I have a joinable pthread runner function defined as below:
void *sumOfProducts(void *param)
{
...
pthread_exit(0);
}
This thread is supposed to join the main thread.
Whenever I ran my program through Valgrind I would get the following leaks:
LEAK SUMMARY:
definitely lost: 0 bytes in 0 blocks
indirectly lost: 0 bytes in 0 blocks
possibly lost: 0 bytes in 0 blocks
still reachable: 968 bytes in 5 blocks
suppressed: 0 bytes in 0 blocks
ERROR SUMMARY: 0 errors from 0 contexts (suppressed: 15 from 10)
I checked the man page for pthreads which said:
The new thread terminates in one of the following ways:
* It calls pthread_exit(3), specifying an exit status value that is
available to another thread in the same process that calls
pthread_join(3).
* It returns from start_routine(). This is equivalent to calling
pthread_exit(3) with the value supplied in the return statement.
* It is canceled (see pthread_cancel(3)).
* Any of the threads in the process calls exit(3), or the main thread
performs a return from main(). This causes the termination of all
threads in the process.
Miraculously, when I replaced the pthread_exit() with a return statement, the leaks disappeared.
return(NULL);
My actual question is three-pronged:
The following minimal test case exhibits the behaviour you describe:
#include <pthread.h>
#include <unistd.h>
void *app1(void *x)
{
sleep(1);
pthread_exit(0);
}
int main()
{
pthread_t t1;
pthread_create(&t1, NULL, app1, NULL);
pthread_join(t1, NULL);
return 0;
}
valgrind --leak-check=full --show-reachable=yes
shows 5 blocks allocated from functions called by pthread_exit()
that is unfreed but still reachable at process exit.

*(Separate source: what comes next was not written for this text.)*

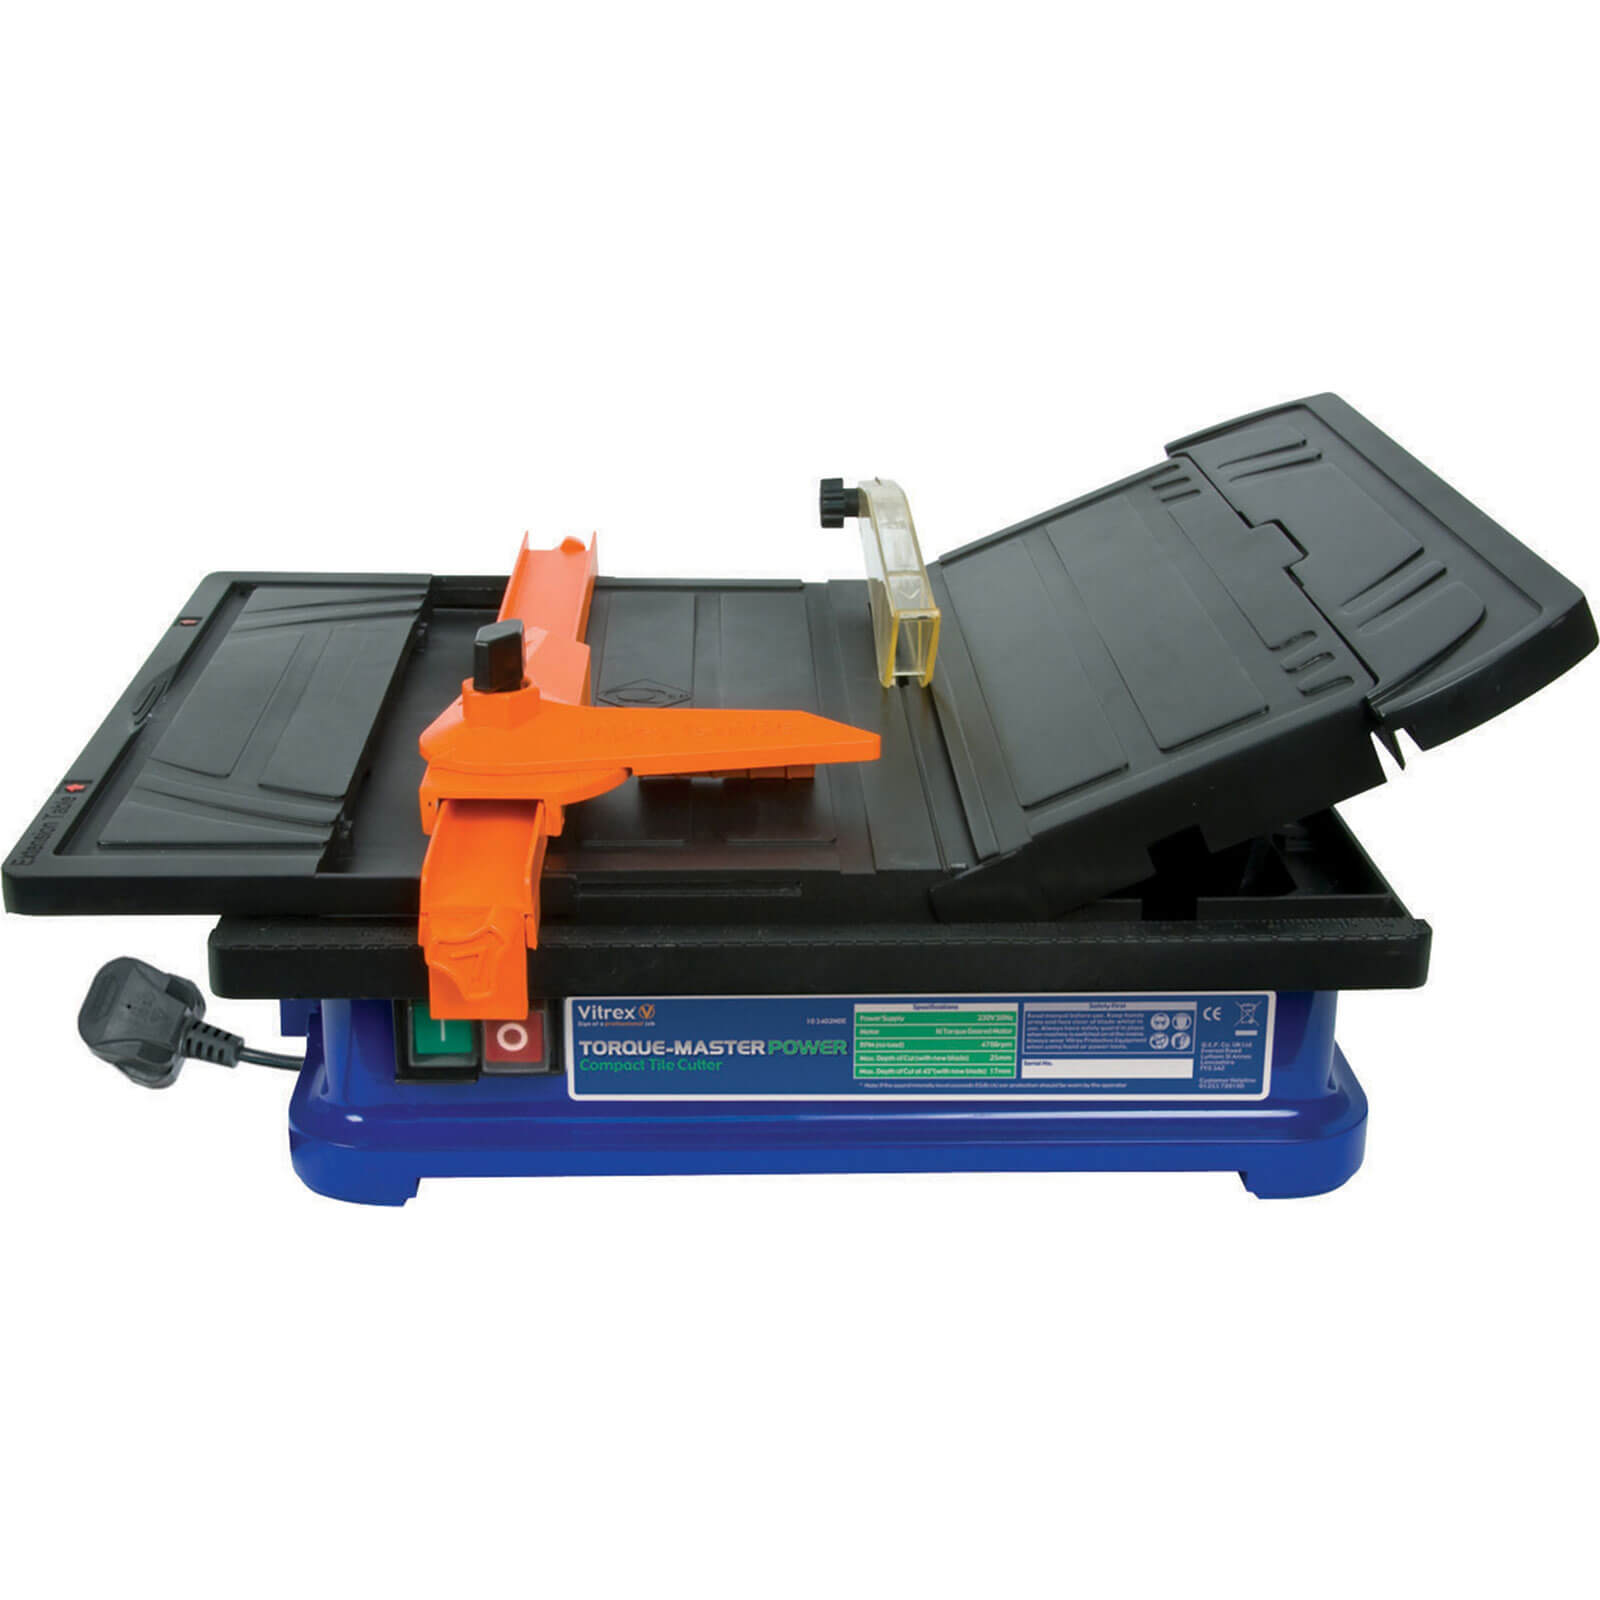 Vitrex Torque Master Power Tile Saw 110mm Blade 450w 240v

If the pthread_exit(0);
is replaced by return 0;
, the 5 blocks are not allocated.
However, if you test creating and joining large numbers of threads, you will find that the amount of unfreed memory in use at exit does not increase. This, and the fact that it is still reachable, indicates that you're just seeing an oddity of the glibc implementation. Several glibc functions allocate memory with malloc()
the first time they're called, which they keep allocated for the remainder of the process lifetime. glibc doesn't bother to free this memory at process exit, since it knows that the process is being torn down anyway - it'd just be a waste of CPU cycles.